# My Rare Local Slug Plate Milks



## waskey (Jun 28, 2010)

I decided to finally get pictures of my Ellicott City, Maryland slugplate milk bottles. All Ellicott City milks are scarce and there aren't any worth less than $25. There are plenty more out there from my local town but I just can't get some of them considering how rare they are; several of the Ellicott City milks ive seen are only known from about 1 or 2 examples. My favorite local milk to collect is the Rockland Dairy bottles considering the dairy was right next to where my neighborhood is now. Here is the first one; its a 1931 quart with no neck design. I picked this one up for $35 on ebay last year.


----------



## waskey (Jun 28, 2010)

Next is a 1932 pint Rockland bottle with some interior staining. It has no neck design except for a large dot on the front of the neck. There are over 10 variations of the Rockland bottle that ive seen and all of them are rare too. I picked this example up for $35 at the Baltimore bottle show this year.


----------



## waskey (Jun 28, 2010)

Here is a nice 1930 pint example with no neck design and also notice on this one that it doesn't say "registered" on the heel like the previous one; everything else is the same.
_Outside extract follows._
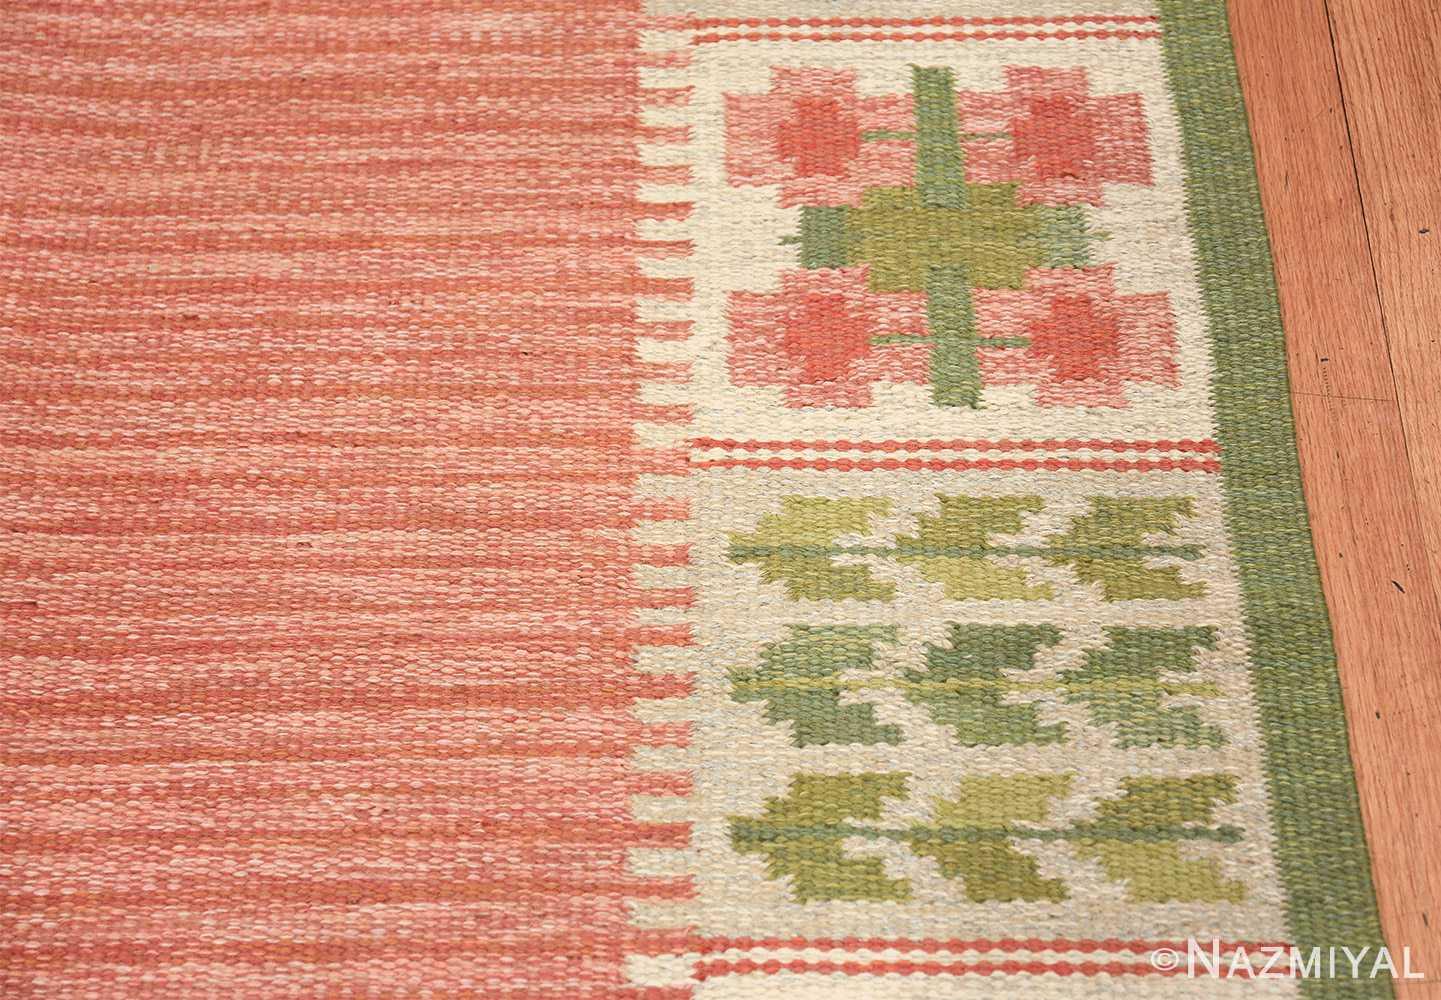 vintage scandinavian flat woven rug 46861 border Nazmiyal

I assume that they decided to add registered sometime in 1931 since the quart has registered on it. I dug this one up in a local dump site this spring.


----------



## waskey (Jun 28, 2010)

Here is my favorite its a 1933 pint example with a neat dot design around the neck. This was the first Rockland I found and that is why it's my favorite. I found this one sticking out of the wall of a small ditch full of old milk bottles; it was the only intact local milk in the ditch; the rest were mostly Fairfield Western Maryland quarts. Here is the pic.


----------



## waskey (Jun 28, 2010)

I really like this one too. Its a 1936 pint with a bircage(verical line) design covering the whole bottle. Also notice that the name is C.E. Hobson rather than Chas. E. Hobson. The milk bottles with this name were only made by the Thatcher Glass. Co. and also they were only made in 1934 and 1936; there is another C.E. Hobson variation which is just a plain no design pint. Joey Haman(the ham man) on the forum owns it and maybe he will post a pic when he returns from basketball camp. My dad purchased this one as a birthday present for me from the Baltimore show this spring.


----------



## waskey (Jun 28, 2010)

I havent had any luck digging the Newton Farm Dairy Quarts and so far Joey on the forum has dug 4 and traded 2 of them to me. Here is a 1942 quart example with a neat hobnail design on the neck of it. He dug this one last year in a local dump and traded it to me for some nice baltimore stuff.


----------



## waskey (Jun 28, 2010)

Here is another Newton Farm Dairy example. Its a 1933 quart that Joey dug in Woodlawn, Md.


----------



## waskey (Jun 28, 2010)

Here is a nice little half pint Newton Farm Dairy bottle I dug in a local dump a couple years ago. Also notice it doesn't have the hobnail design on it like most from this dairy; there is also a half pint with the hobnail neck that im looking for. This is a 1940 example.


----------



## epackage (Jun 28, 2010)

Love the dimpled neck on the Newton Henry.....


----------



## waskey (Jun 28, 2010)

Once again Joey dug this broken one and gave it to me since he doesn't care much for damaged bottles. This one the rarest Ellicott City milk out there; this is the only known example as of now and this dairy is NOT on the list of all known Maryland milk bottles. Its such a shame this bottle is damaged; it would be quite a high $$$ bottle if not damaged. Its a 1925 Pint Upton Farm Dairy example.


----------



## waskey (Jun 28, 2010)

Next is this neat 1929 Hardman's Chocolate Milk bottle. E.M. Hardman was the proprietor and he also sold regular milk in a different style bottle but strangely this chocolate milk type is more common than the regular ones. It has a nice vertical line design on the neck.


----------



## waskey (Jun 28, 2010)

Here is the last one. I got this 1941 Hardman Chocolate Milk on ebay a couple months ago for only $9.99. This one has a slightly different design on the neck than the other one in the previous pic.


----------



## waskey (Jun 28, 2010)

Thanks for looking Jim. I think that design is pretty neat too; they were the only local dairy that used that design probably so their bottles wouldn't get confused with any of the other dairies and get sent back to the wrong place.


----------



## Jim (Jun 28, 2010)

Nice milk bottles, Henry. It is fun to collect the variants from dairies that had different bottle styles. We have some cool neck designs here, too. Here is my favorite, a C.D. Yetter Cloverleaf Dairy from Lewistown. This bottle is from 1930, and is the only one from my county that used the chain link neck.  ~Jim


----------



## waskey (Jun 30, 2010)

Thanks for looking Jim, thats a nice looking milk bottle there,  there was only one dairy farm that I know of in Ellicott City that used the chain link design. Most of the local milks here either used vertical lines or had no design on the neck.


----------